# Coco Sunset Vacation Club



## eal

II has a new resort listed for Guanacaste Costa Rica - Coco Sunset (COX).  Does anyone know anything about it?


----------



## GrayFal

eal said:


> II has a new resort listed for Guanacaste Costa Rica - Coco Sunset (COX).  Does anyone know anything about it?


 am curious, too - trying to see if it is on the beach?

From II
Just 20 minutes away from Guanacaste International Airport, Coco Sunset Vacation Club is a beautiful Mediterranean-style resort located on the Gulf of Papagayo. The stunning surroundings are an invitation to enjoy the beach and numerous activities for the entire family, as well as gorgeous views of the ocean, incredible sunsets, and interesting wildlife. Resort amenities include three swimming pools and a whirlpool. Units have private balconies and verandas.

NEW MEMBER RESORT 

Contact Information
Playa del Coco
Guanacaste 
Costa Rica 
2670-0357 2670-0394 
www.playasdelaspalmas.com 

On-Site
· Air Conditioning (In Units) · Bar/Cocktail Lounge · Cooking Facilities (In Units) · DVD or VCR (In Units) · Day Spa · Entertainment, Live · Grocery/Convenience Store · Laundry Facilities · Pets Allowed · Restaurant · Swimming Pool, Outdoors · Television (In Units) 

*Nearby
· Beach *· Bicycle Trails · Boat Marina/Launching · Car Rentals · Casino Gambling · Clubhouse · Exercise Room, Equipped · Fishing · Horseback Riding · Sailing/Rentals · Scuba Diving · Waterskiing


----------



## Porter321

Thanks for you information i newly join and your post help me.


----------



## tommy96

any one here knows how to get its membership and what its membership fees


----------



## simco25

*cocosunsetvacationclub*

I am curious too about cocosunsetvacation club.

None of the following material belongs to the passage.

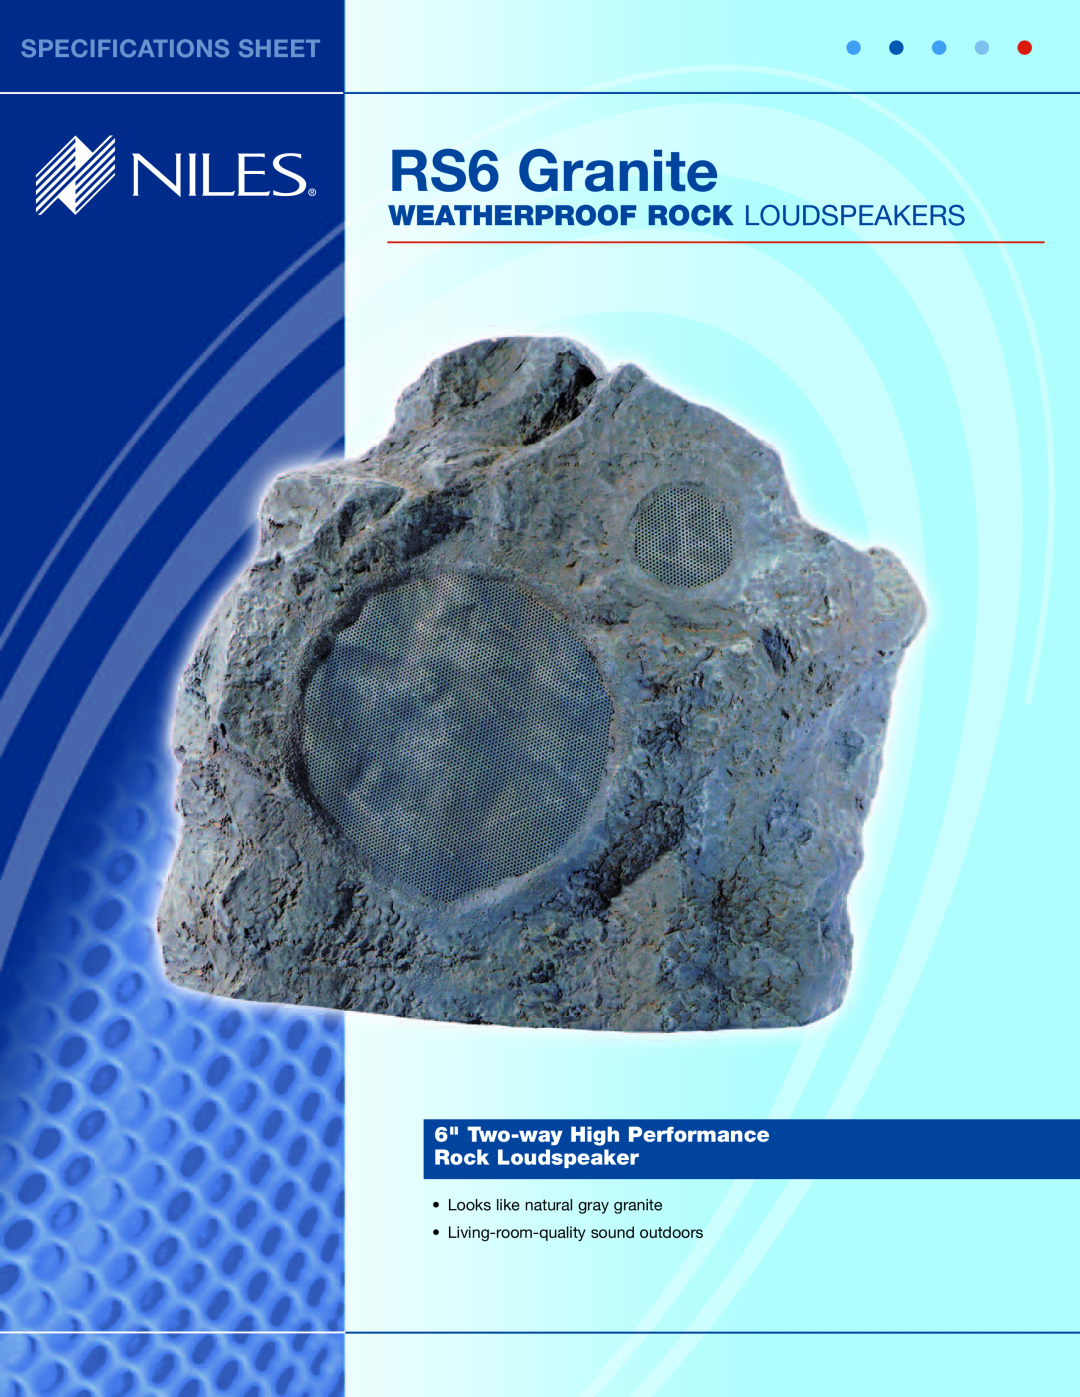 Niles Audio RS6 Granite specifications Weatherproof Rock Loudspeakers, Specifications Sheet

I ask on the Redweek forum, to timeshare owners, and I did not get any answer.  I ask if they have any title, what they own there, because we have a good knowledge of the area, in playas del coco, and many owners there,  are residential property owner, and they were never advised that somebody change their residential condo into a timeshare, fractional ownership, vacation ownership, hotel, whatever they are selling..if anybody have any answer..we would apreciate more details ,,thanks


----------



## huskerfan

We have been getting a hard sell by phone from a person who works with this company...offering us 6 day, 5 night, non-inclusive vacation for $499.  The 3 non-beach condo complexes are:  Green Turtle, Jade Beach and Morpho.
Sales person says beach access is only 200 meters away and that the condos are 2 bedroom villas.  Beach is swimmable and you fly into Liberia City and get shuttle to get there.  My impression is that the these developments are 2nd home type resort.  Shopping, pools, restaurants, recreation right there on site.  We have 18 months to use this without blackout dates and can have flexible check-in/out.  Sales rep says properties are 5 +/- years old.

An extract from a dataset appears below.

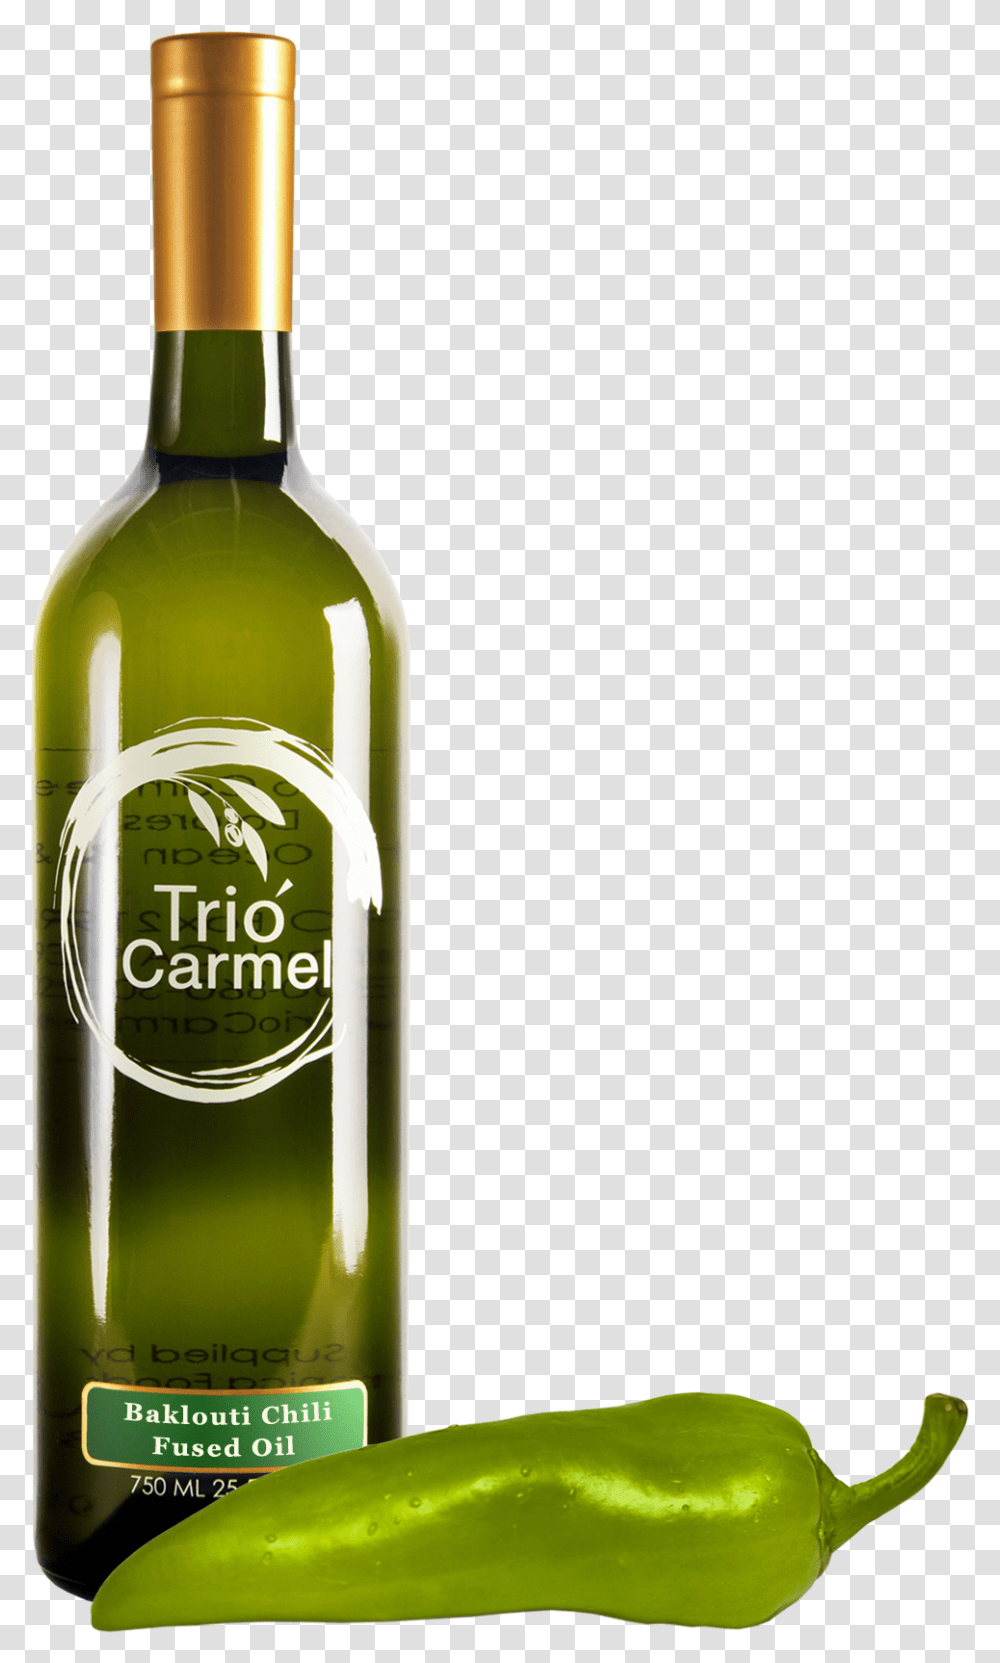 Green Chili, Bottle, Beverage, Drink, Alcohol Transparent Png

Two websites:  www.cocosunsetvc.com (shows villa layout, kitchen, beds, but no ocean view for the 3 we were offered)

www.luxurydays4less.com (this one is not very informative)

Has anyone visited any of these and what were your +/-'s??

if you want to email me privately do so at snyderab@prodigy.net


thanks,
Adrian


----------



## DebBrown

I was curious and just read the long thread on TripAdvisor.  This place sounds like a nightmare!

http://www.tripadvisor.com/ShowTopic-g291982-i813-k2956897-Coco_Sunset_Vacation_Club-Costa_Rica.html

Deb


----------